• **BRIEF**
Whatever comes before the line containing "Energielabel Graaf Florisstraat" stays out; transcribe that line and all that follow to the end of the records exactly, with no pictures.

• **EXERCISE MATERIAL**
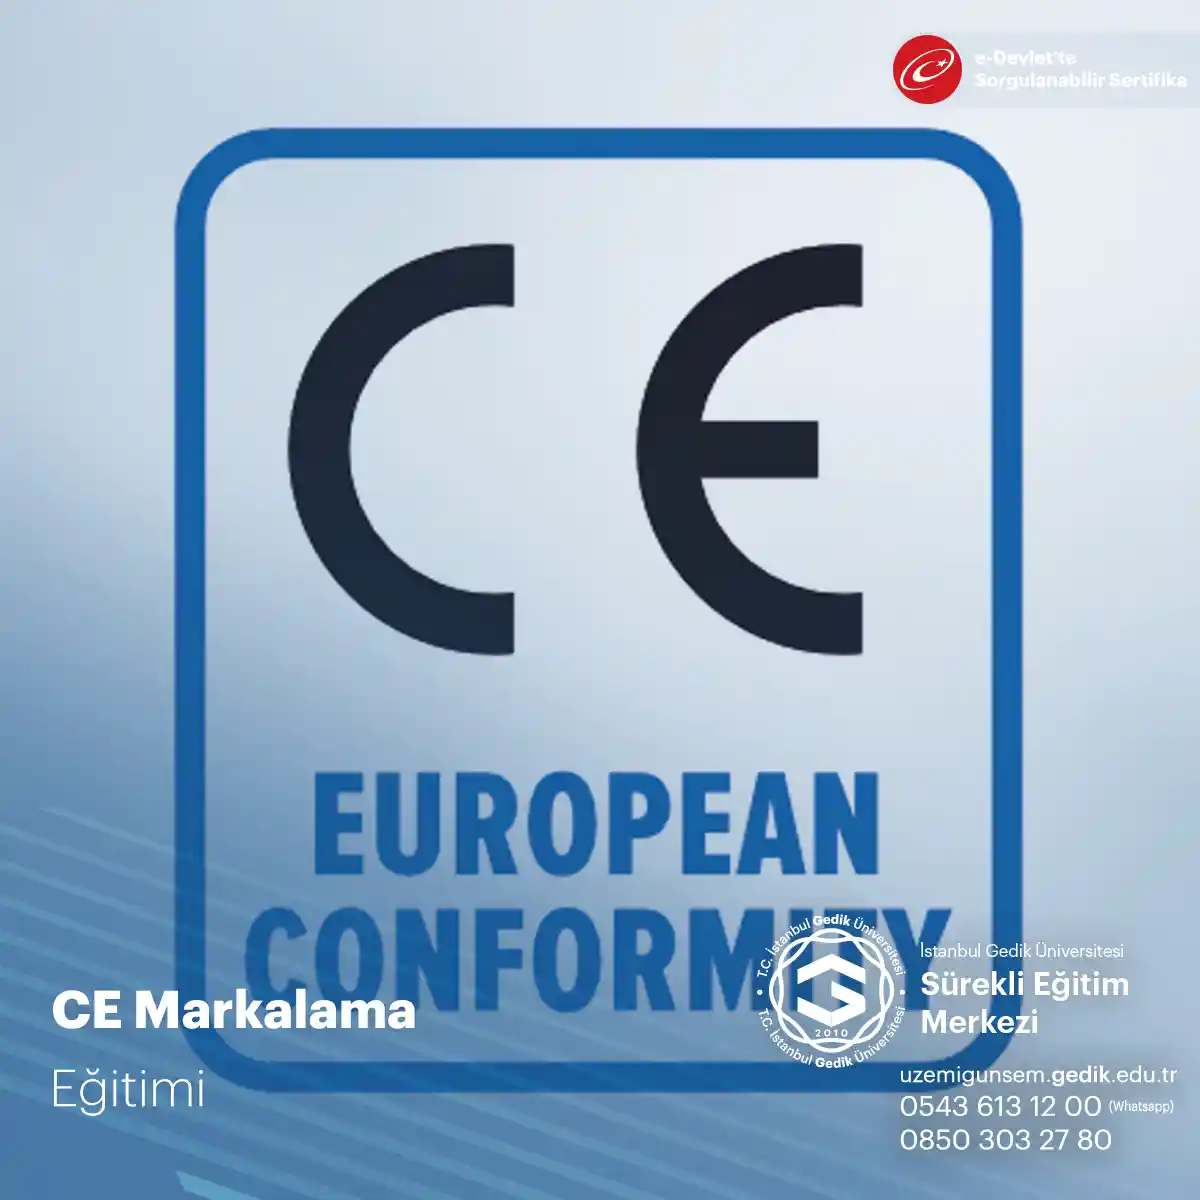 Avrupa Birliği pazarında satılacak bir ürünün eğer Avrupa Birligi Direktiflerinden birinin veya birkaçının kapsamına giriyorsa CE Markasını taşıması yasal bir zorunluluktur. "CE" Markası adını Fransızca "Avrupa'ya Uygunluk" anlamına gelen "Conformité Européene" kelimelerinin baş harflerinden almıştır. Bu düzenleme, üreticilerin CE işaretini ürünlerin üzerinde, ambalajlarında ve ürün hakkındaki her türlü doküman üzerinde kullanmalarını zorunlu kılmaktadır.
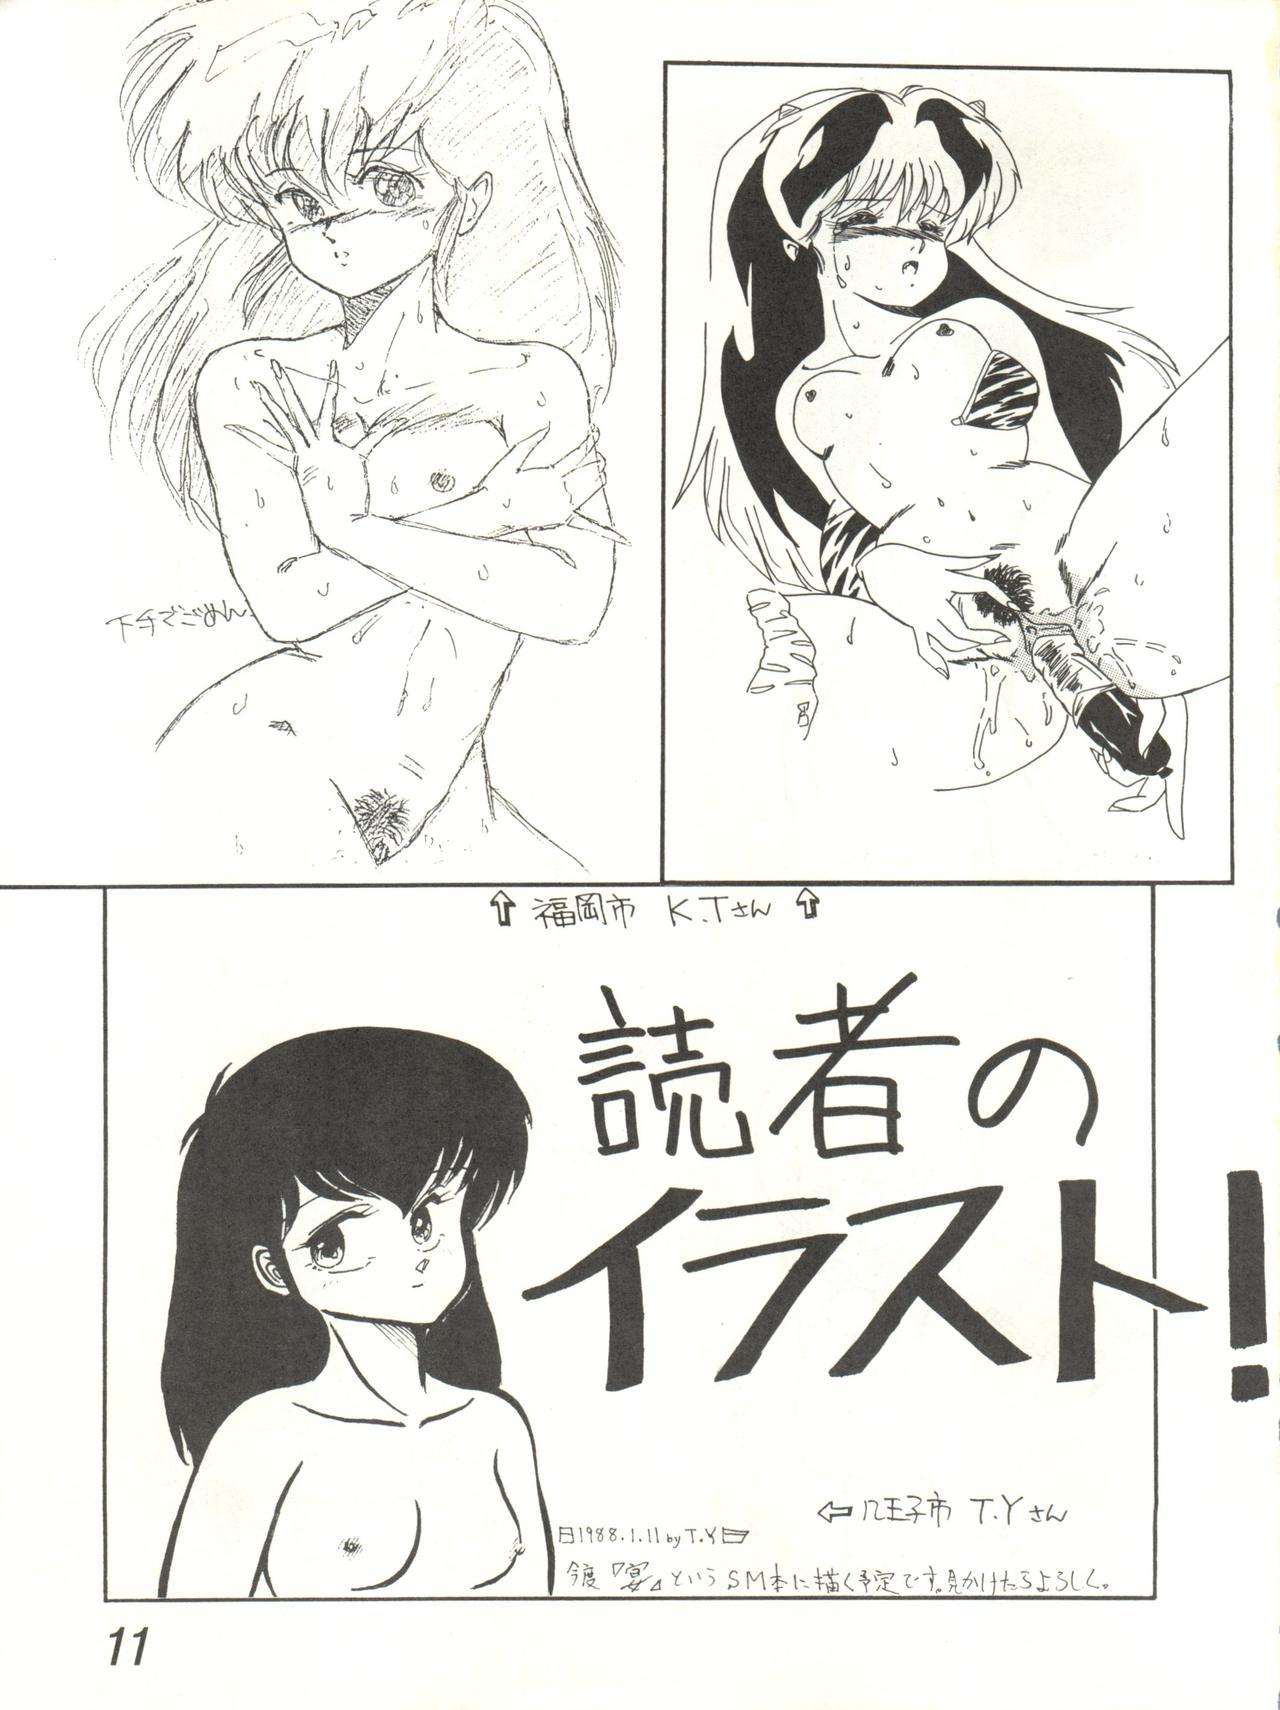 Nice Ikkoku-kan 0 Gou Shitsu Part V - Maison ikkoku Milf Sex - Page 11
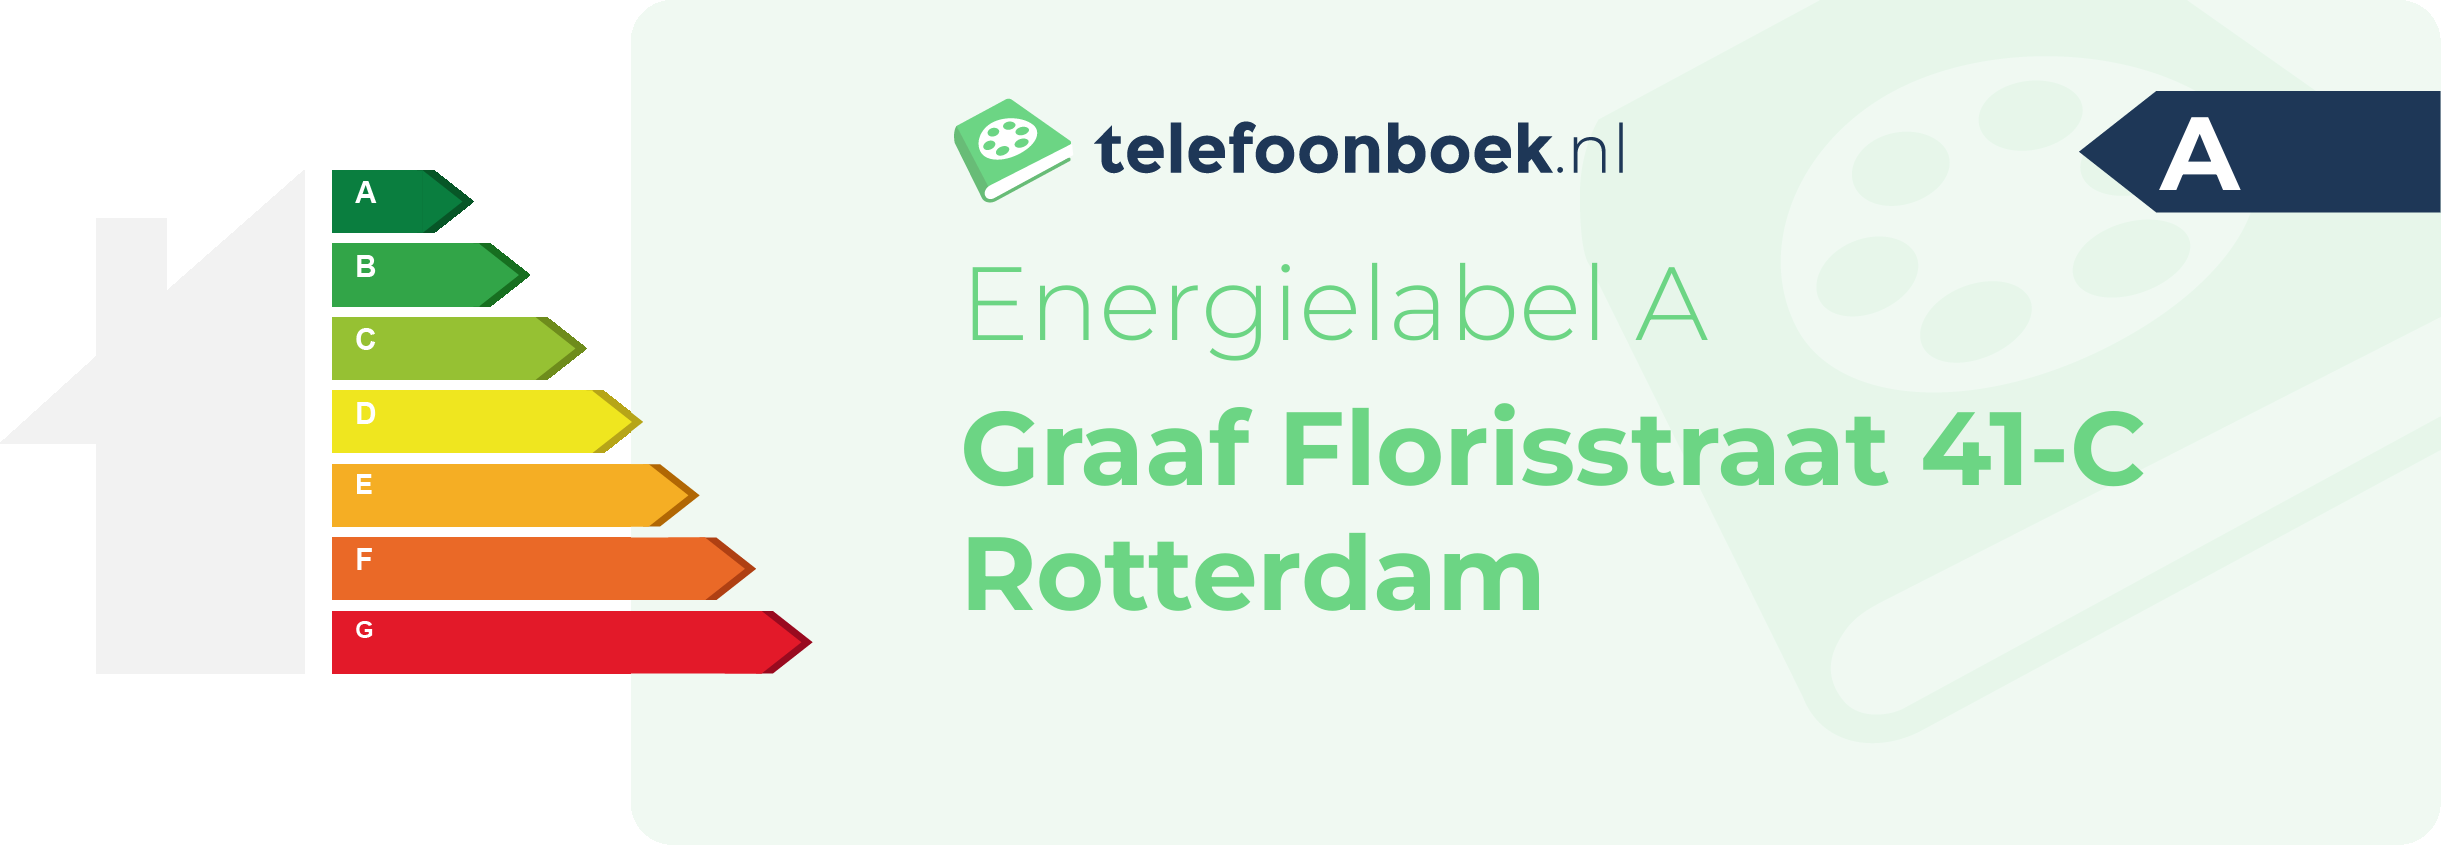 Energielabel Graaf Florisstraat 41-C Rotterdam
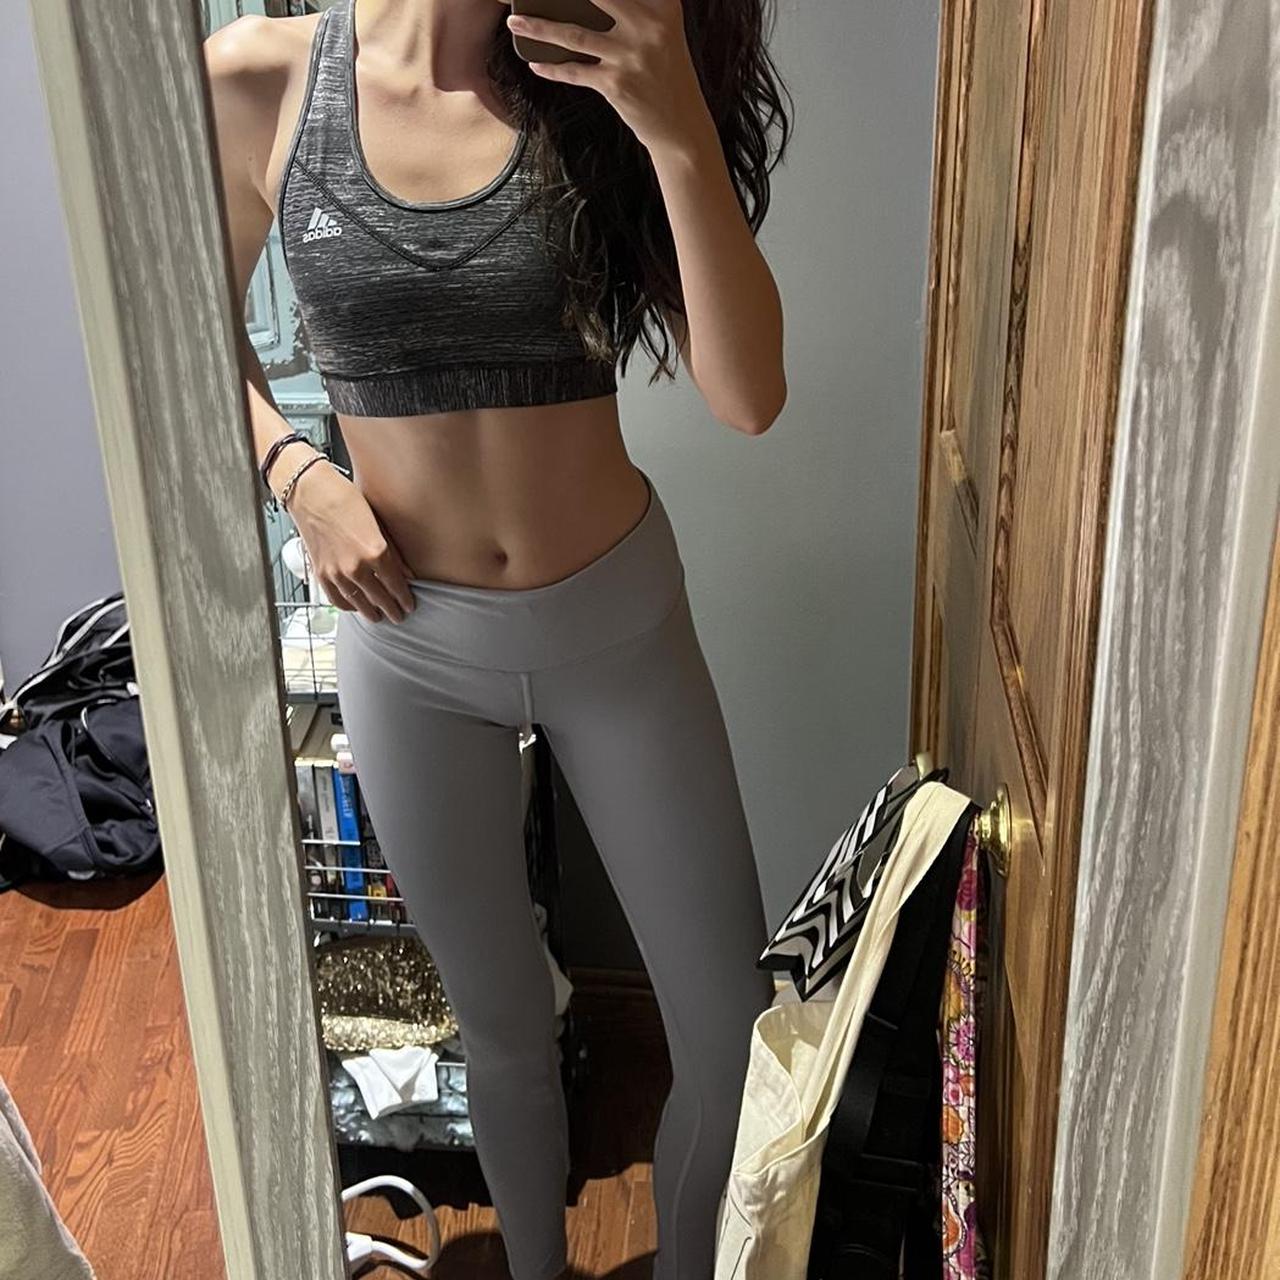 Victoria's Secret Sport knockout grey capri athletic leggings size
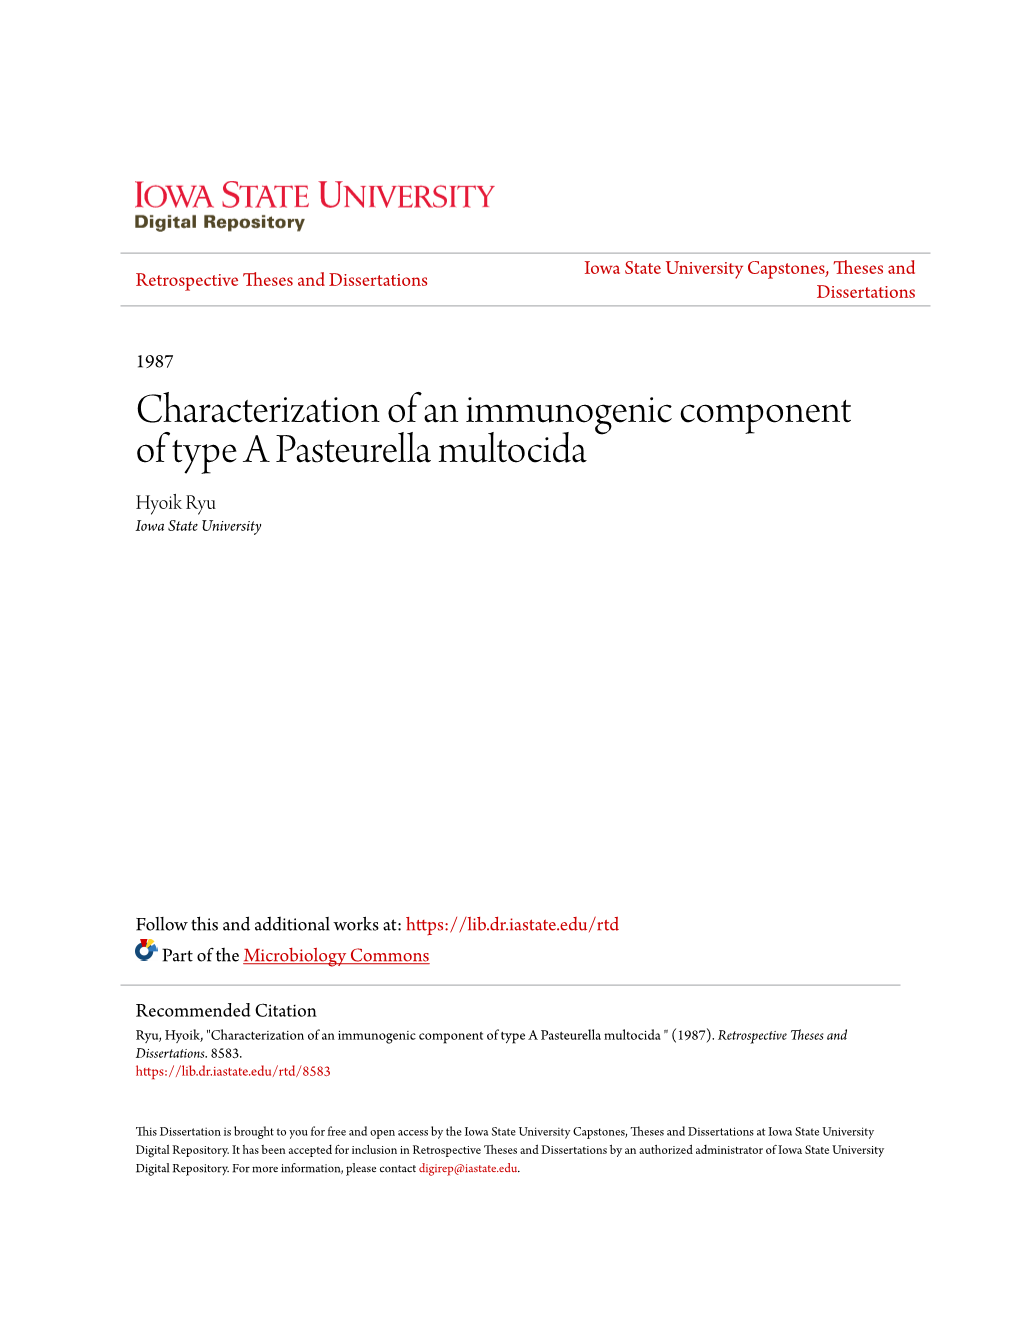 Characterization of an Immunogenic Component of Type a Pasteurella Multocida Hyoik Ryu Iowa State University

• **PROBLEM SOLUTION**
 Energielabel Graaf Florisstraat 41-C Rotterdam
 Victoria's Secret Sport knockout grey capri athletic leggings size
 Characterization of an Immunogenic Component of Type a Pasteurella Multocida Hyoik Ryu Iowa State University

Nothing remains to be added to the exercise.